1. What is an index number and why is it important in economic analysis?
Ans. An index number is a statistical measure that represents the relative change in a variable over time or across different entities. It is important in economic analysis as it helps economists and analysts assess trends in economic indicators such as prices, production, and consumption, allowing for better decision-making and policy formulation.
2. What are the different methods for constructing index numbers?
Ans. The main methods for constructing index numbers include the Simple Aggregative Method, Simple Average of Relatives, and the Weighted Method. Each method has its own approach to calculating the index number based on the nature of the data and the purpose of the analysis.
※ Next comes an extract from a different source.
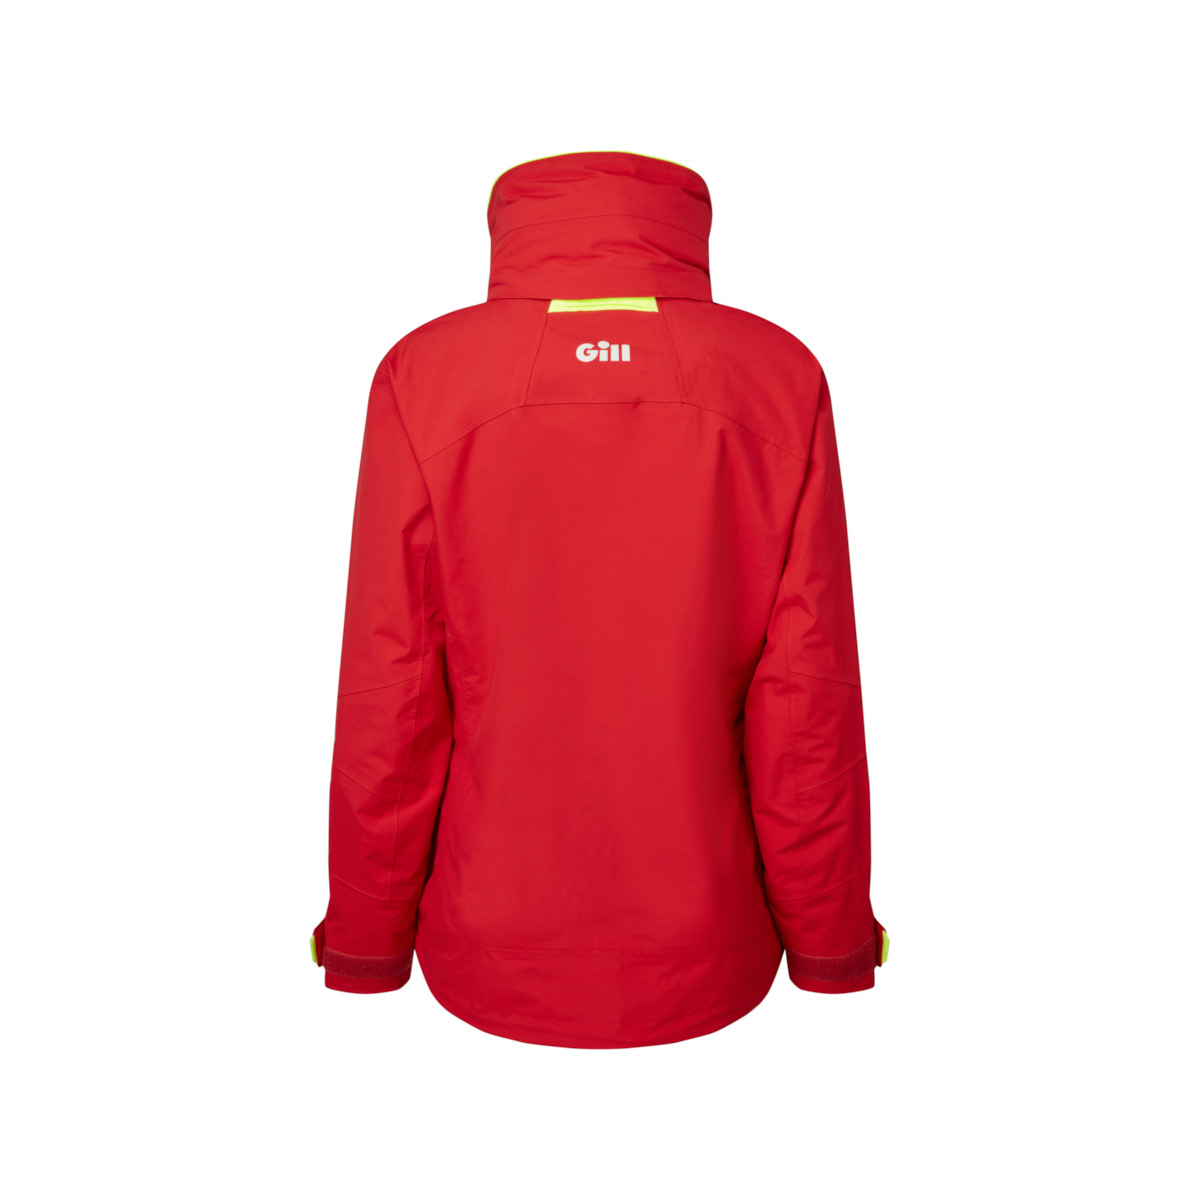 Gill OS32 veste de voile Coastal femme rouge, taille 8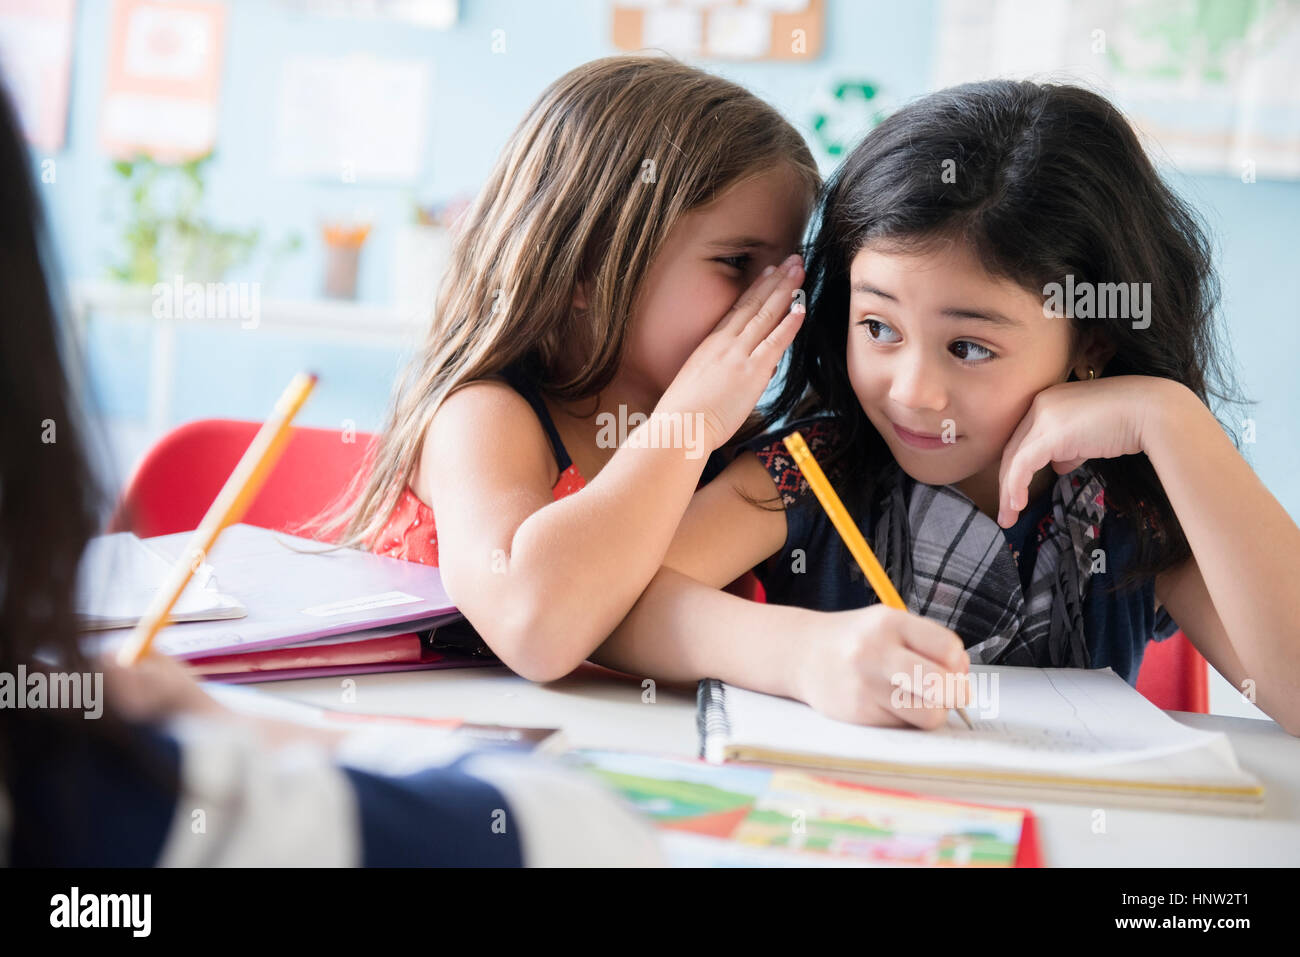 Girl whispering to classmate in school Stock Photo

3. How does the Simple Aggregative Method work in constructing index numbers?
Ans. The Simple Aggregative Method calculates the index number by comparing the total value of a set of items in a given period to the total value of the same items in a base period. The formula typically involves summing the values for both periods and then dividing the current period's total by the base period's total, often multiplied by 100.
4. What is the significance of using a Weighted Method for index numbers?
Ans. The Weighted Method is significant because it accounts for the relative importance of different items in the index calculation. By assigning weights to each item based on its significance or contribution to the overall index, this method provides a more accurate representation of changes in the overall index, particularly when dealing with heterogeneous data.
5. Can you explain the Simple Average of Relatives method for index numbers?
Ans. The Simple Average of Relatives method involves calculating the relative change for each item compared to a base period and then taking the average of these relatives. This method simplifies the process of understanding how individual items contribute to overall changes, making it useful for analyzing price changes or quantities over time.